The sub-city has been planned for an environment of convenience containing essential facilities and services at different levels—mainly health, education, hotel, safety and security, cultural, and communication, etc. Two malls recently opened, one at the Dwarka Sector 21 Metro Station and another near the Dwarka Sector 14 Metro Station.

==Education==

The sub-city is well-equipped with multiple elementary and higher secondary schools.

===Universities and colleges===
Faculty of Law, University of Delhi is planning a new campus in Dwarka and will build hostels for students and residential quarters for staff members.

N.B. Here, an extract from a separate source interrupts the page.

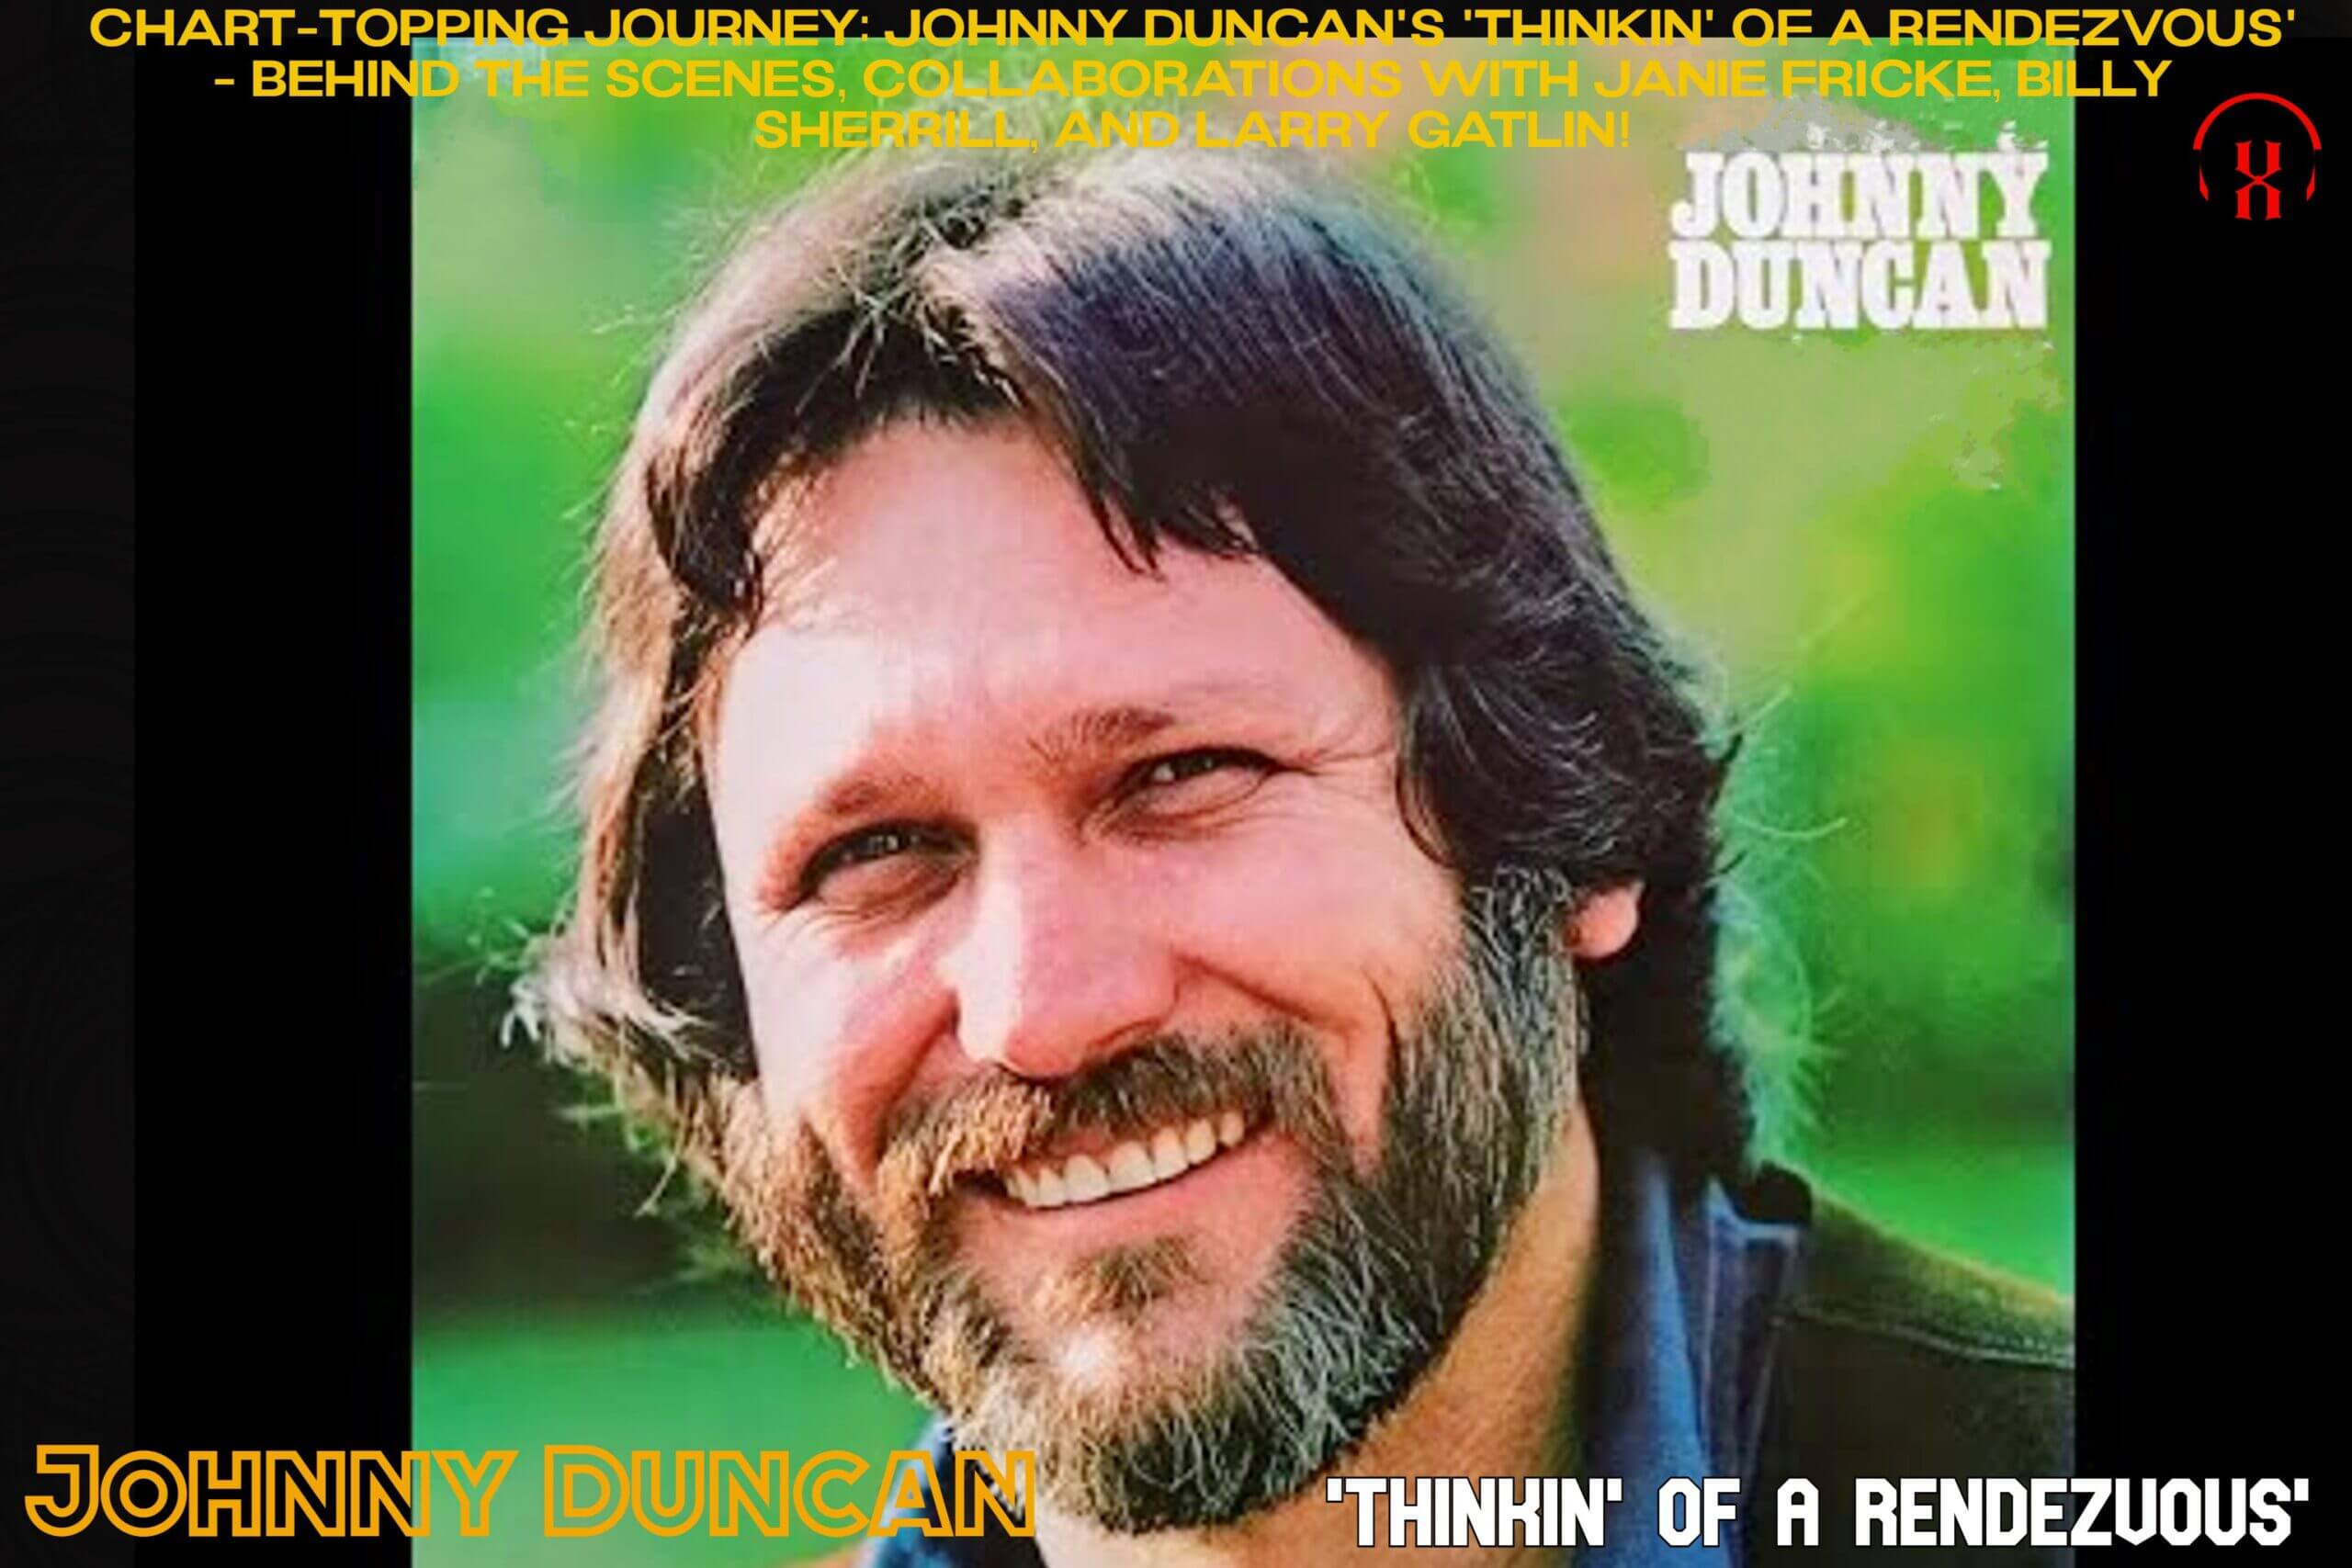 “Chart-Topping Journey: Johnny Duncan’s ‘Thinkin’ Of A Rendezvous’ – Behind the Scenes, Collaborations with Janie Fricke, Billy Sherrill, and Larry Gatlin!”

National Law University, Delhi and Netaji Subhas University of Technology are located in Dwarka. Guru Gobind Singh Indraprastha University has its main campus in Dwarka Sector 16-C, housing the University School of Law and Legal Studies and University School of Management Studies, among others. The university has around 120 affiliated colleges in the NCR.

Engineering and law institutes in Dwarka include Bhaskaracahrya College of Applied Sciences, University School of Chemical Technology, (GGSIPU) University School of Information, Communication and Technology (GGSIPU), Deen Dayal Upadhyaya College, Guru Gobind Singh Indraprastha University, Lal Bahadur Shastri Institute of Management, and National Law University, Delhi.